◆ **Your instructions**
Consider the listing below. Extract exactly the lines from the line containing "153cm Niki sex doll - 14" to the line containing "Download wallpaper 1280x1024", both included.

◆ **Given entries**
□ □ □
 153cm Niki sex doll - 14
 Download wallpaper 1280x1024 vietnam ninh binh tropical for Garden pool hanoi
□ □ □
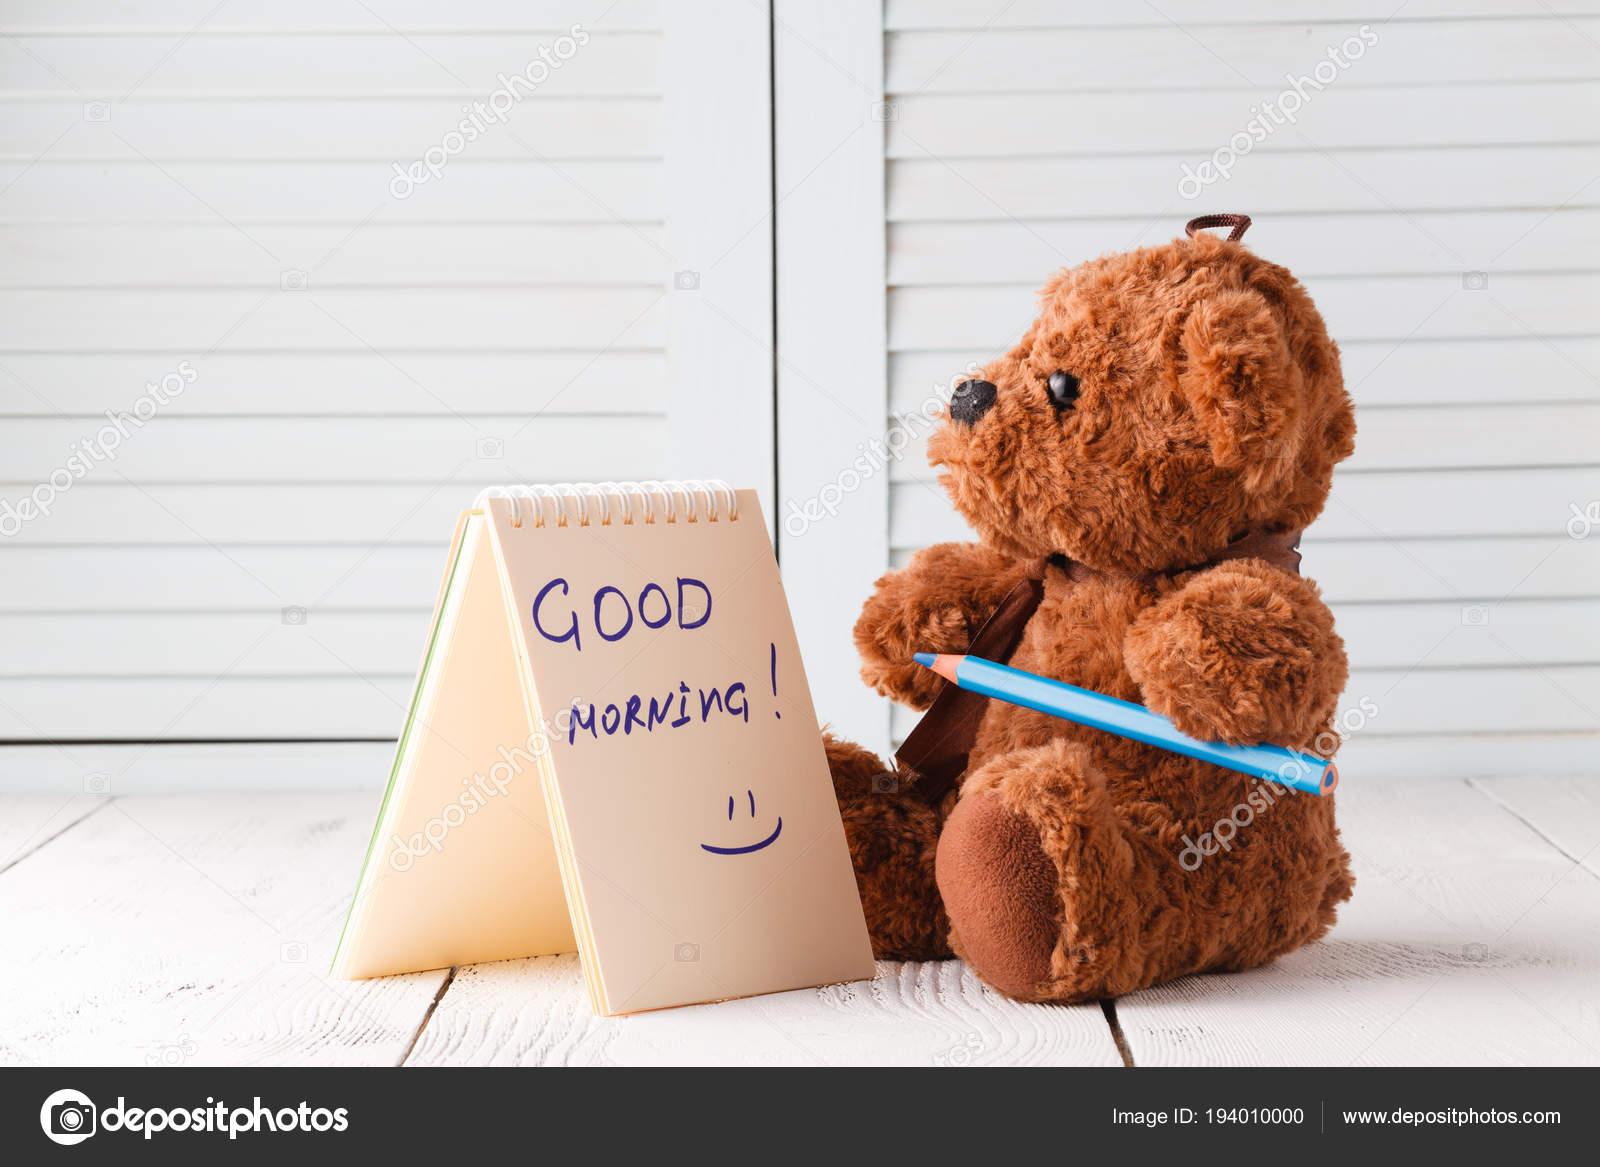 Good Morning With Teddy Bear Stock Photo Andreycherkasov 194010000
□ □ □
◆ **Task result**
 153cm Niki sex doll - 14
 Download wallpaper 1280x1024 vietnam ninh binh tropical for Garden pool hanoi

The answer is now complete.